Cela dit, Ahmadinejad a été élu au second tour avec 62% des voix…
Il est le produit du système, mais pas le seul que celui-ci a su produire. Khatami en a été une autre expression. Ahmadinejad est important parce qu'il a désormais son mot à dire dans le système, sans qu'il puisse le monopoliser pour autant. A preuve sa difficulté à faire approuver son gouvernement et son projet de budget par le Parlement.
Concernant le nucléaire, quelles sont, dans le discours d'Ahmadinejad, la part d'intimidation et la part de réalité?
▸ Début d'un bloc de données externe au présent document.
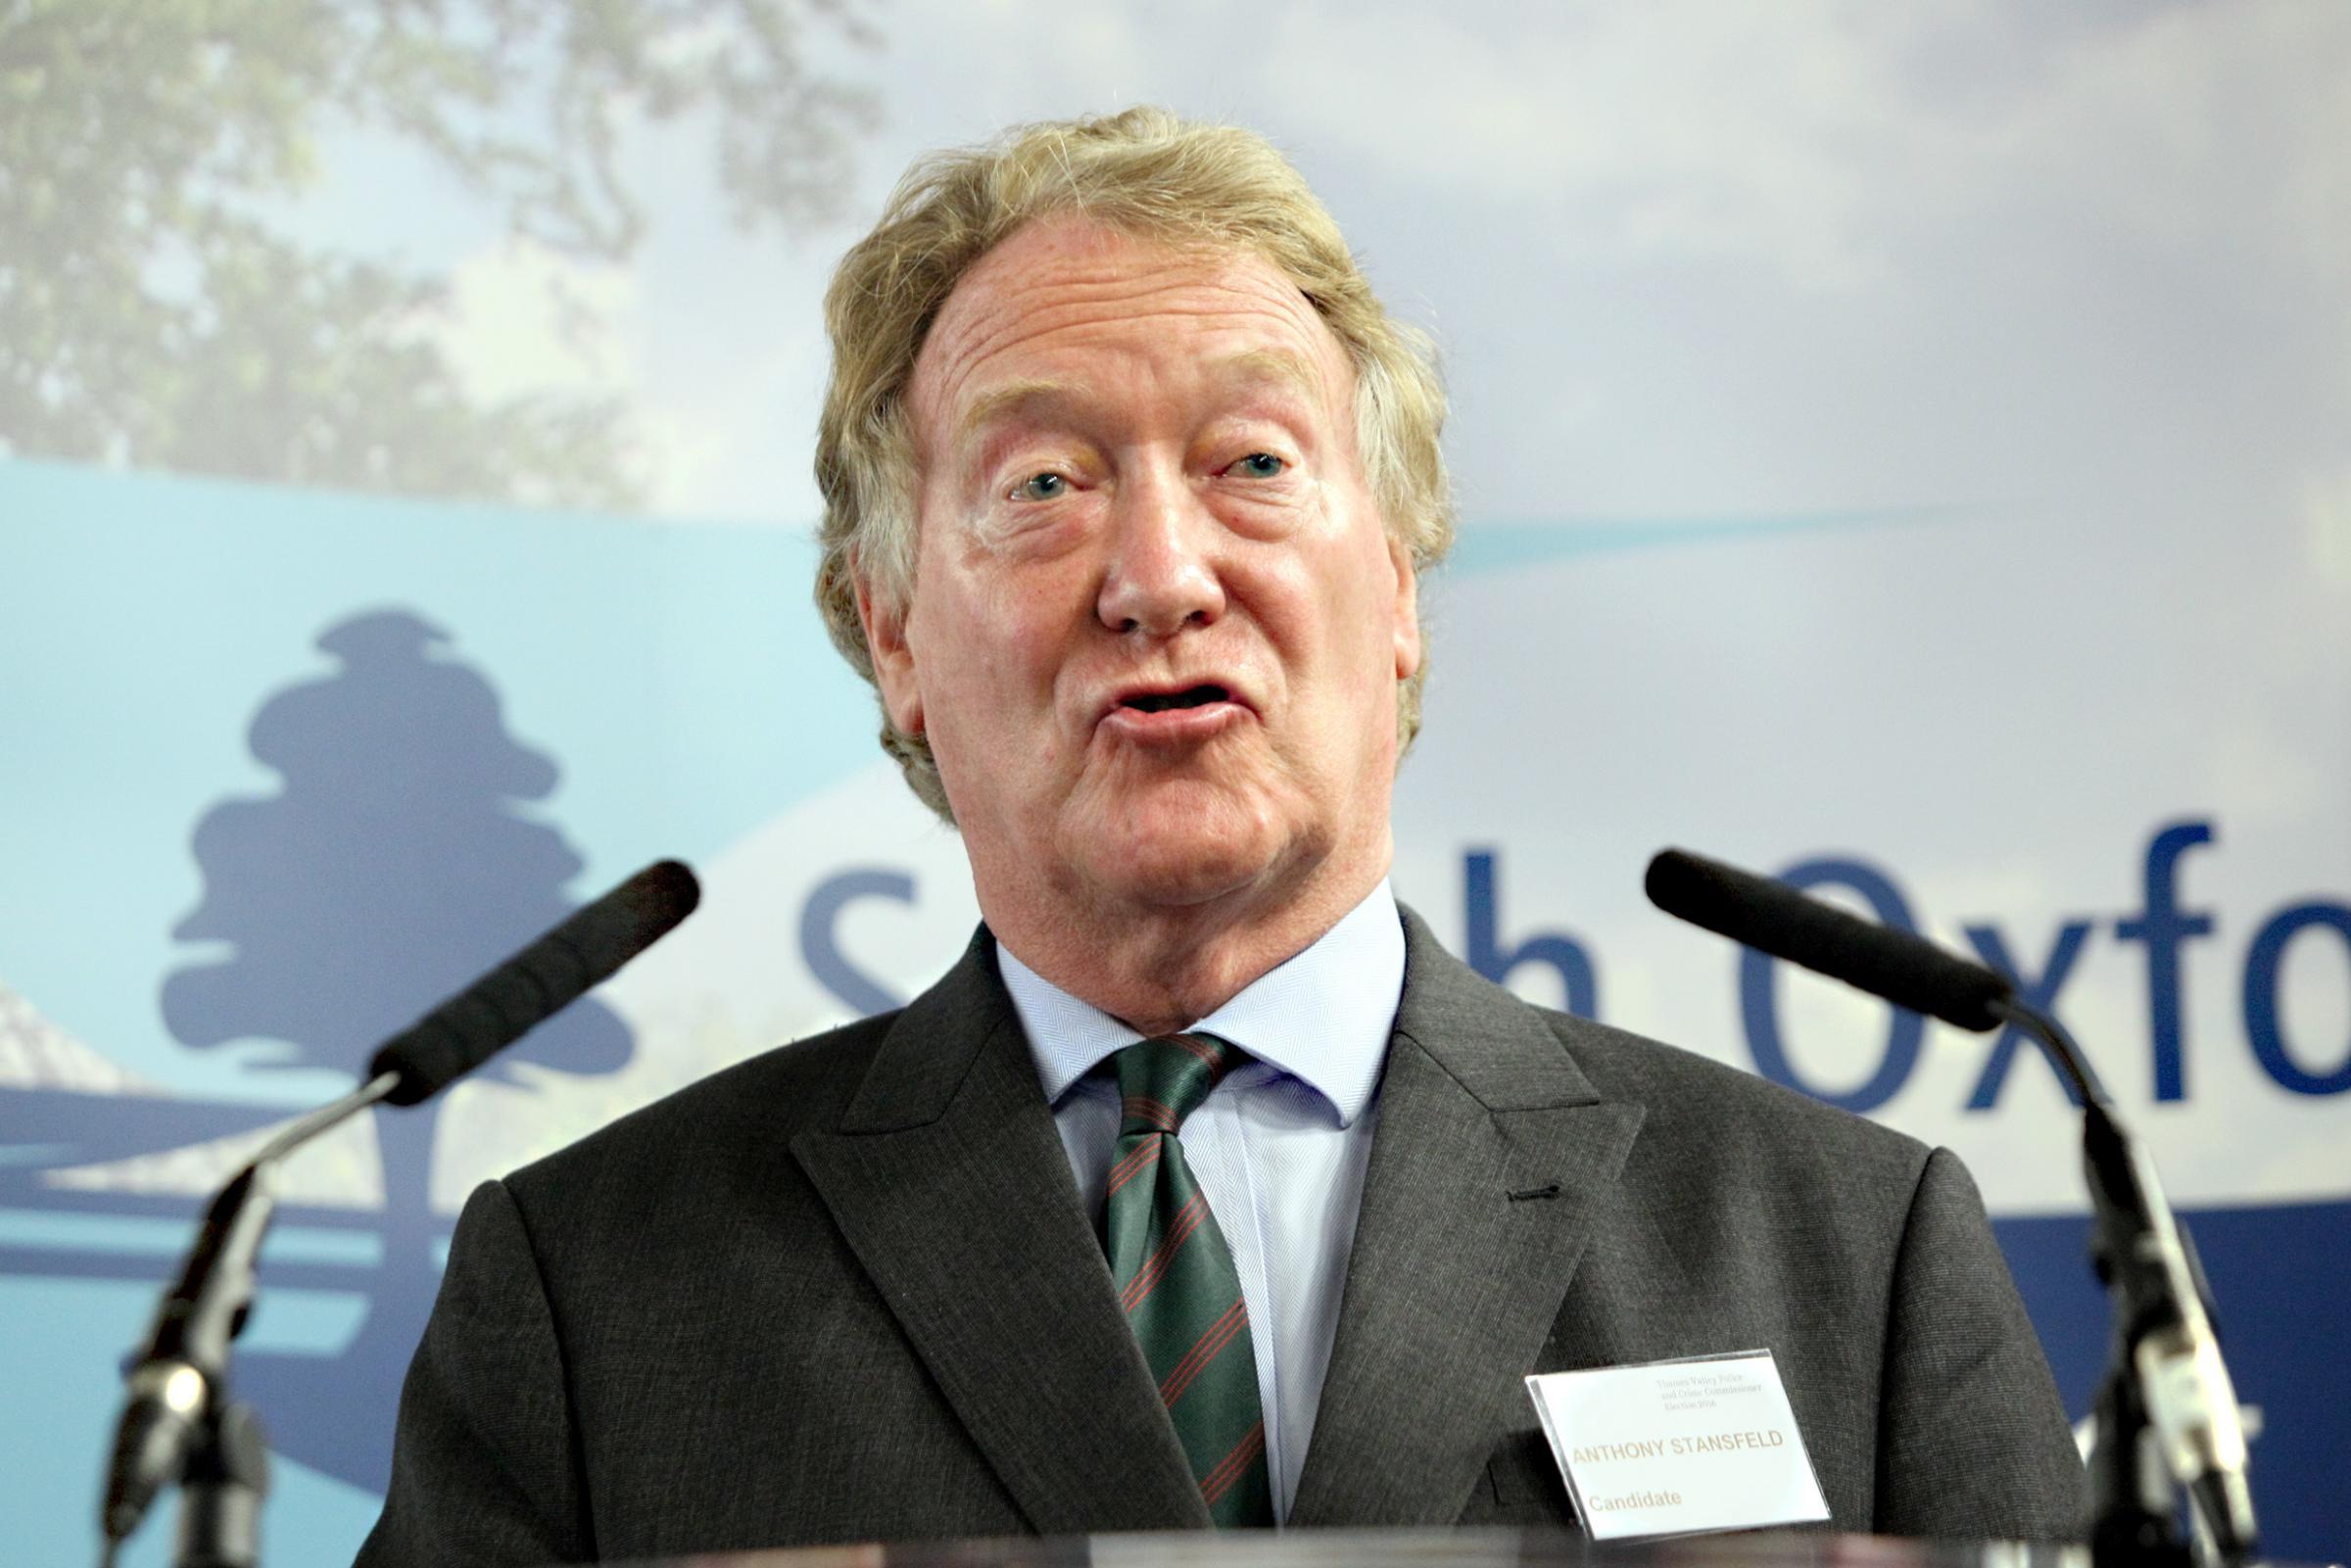 Anthony Stansfeld 'must be held accountable' says Nigel Chapman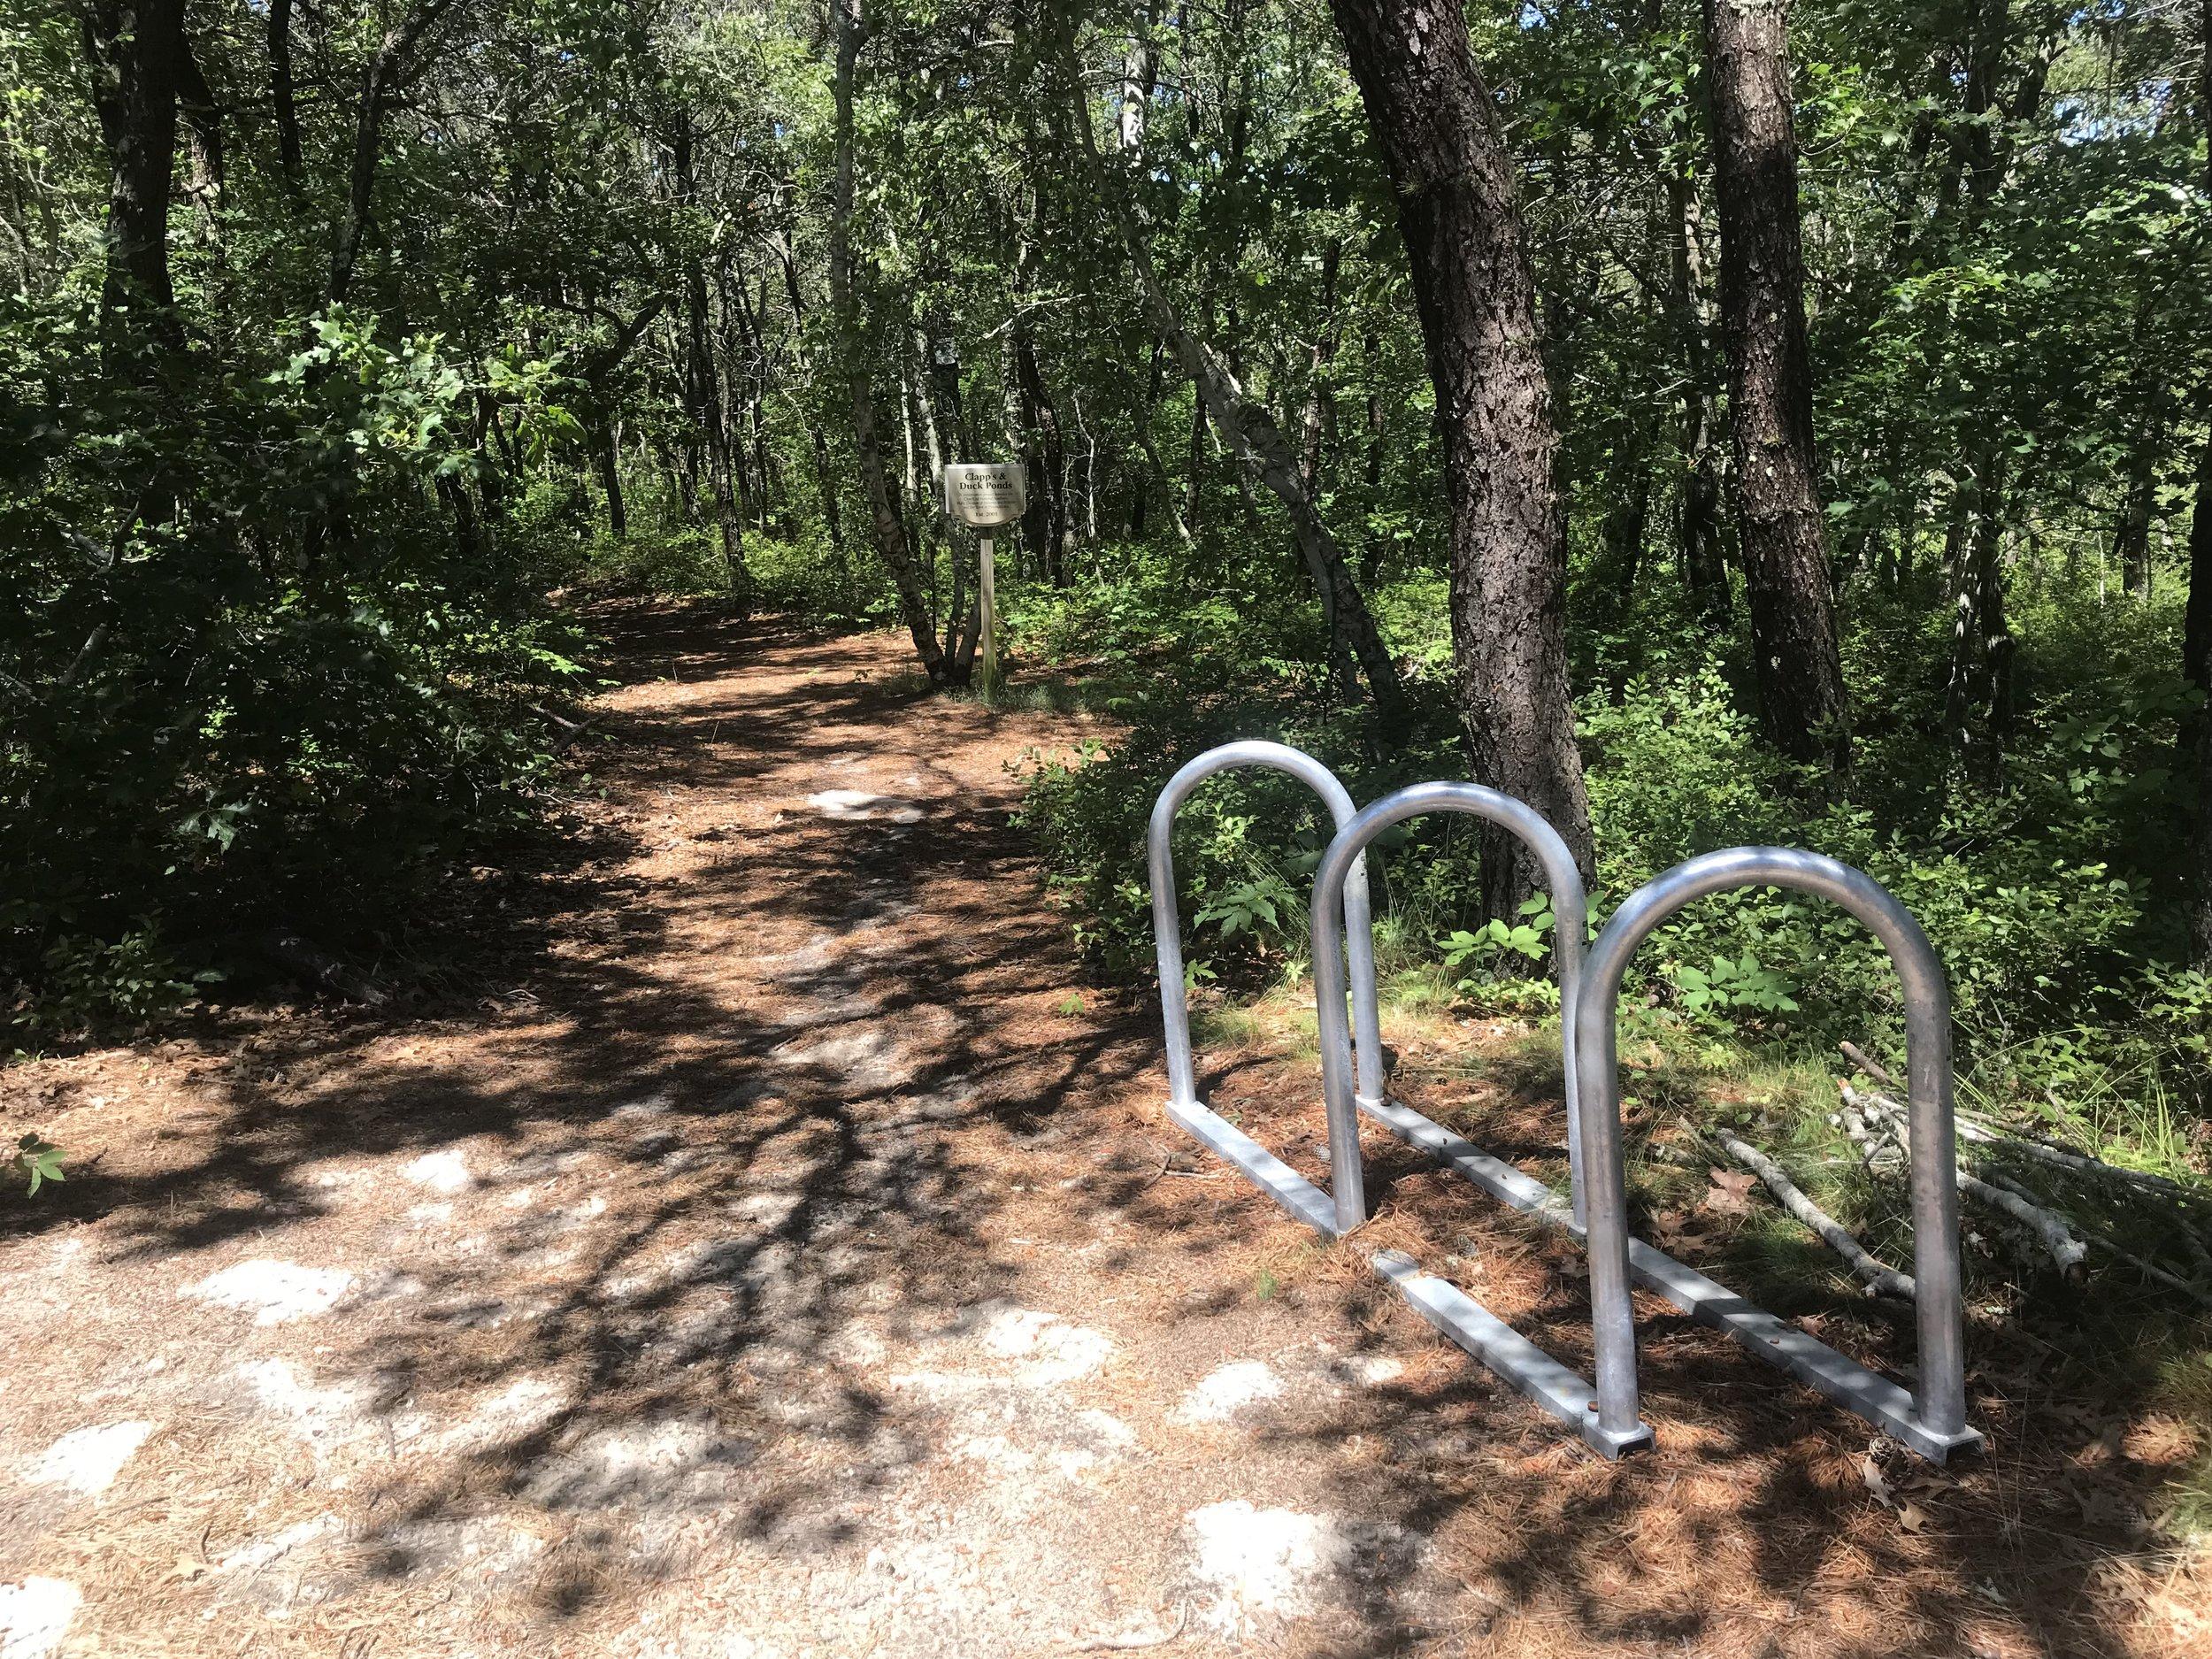 After - One 6-bike Saris corral rack

Tous les experts, y compris les moins bien intentionnés à l'égard de l'Iran, pensent que celui-ci est loin d'accéder à l'usage militaire de l'atome. La part de bluff est considérable. Il ne faut pas toutefois sous-estimer la mobilisation des Iraniens, car elle repose sur une conviction profonde et unanimement partagée. Encore une fois, l'Iran s'estime victime, notamment par rapport au Pakistan et à l'Inde, d'une injustice internationale dans la manière dont on lui interdit la poursuite de ses recherches nucléaires.
L'Iran se considère-t-il comme une superpuissance orientale qui a l'intention de tenir tête aux Etats-Unis sous les regards du monde entier?
L'Iran n'est plus une superpuissance régionale, ne serait-ce que par les limites rencontrées par la révolution islamique. Cette dernière a contribué à marginaliser le pays. Les Iraniens ont échoué, y compris dans l'exportation de la révolution auprès des voisins les plus proches, les chiites irakiens. Les Afghans n'ont jamais cherché à imiter Téhéran, le Hezbollah n'a pas pris le pouvoir au Liban et le Hamas n'était pas la force privilégiée par l'Iran dans les territoires palestiniens. Lorsque Erdogan est parvenu à la tête du gouvernement, Téhéran s'est félicité, mais le Premier ministre turc a pris ses distances, car ce soutien est gênant pour lui. Ce qui est vrai, en revanche, c'est que le nationalisme iranien est plus fort que jamais.
Pourquoi?
Cette révolution-là, les Iraniens en sont fiers, même s'ils n'en escomptaient pas les conséquences ou si celles-ci restent pour beaucoup non souhaitées. La génération qui y a pris part est encore la seule force politique active du pays. La permanence des hommes à la tête de la République est en cela le reflet de la société. L'idéal des conservateurs, qui aspirent à faire de l'Iran le Japon islamique du Moyen-Orient, n'est pas complètement déconnecté de l'idéal du développement aux yeux de l'Iranien moyen.
(1) Auteur de L'Iran (Cavalier bleu, 2005), Etre moderne en Iran (Karthala, 1998) et La Révolution sous le voile (Karthala, 1991).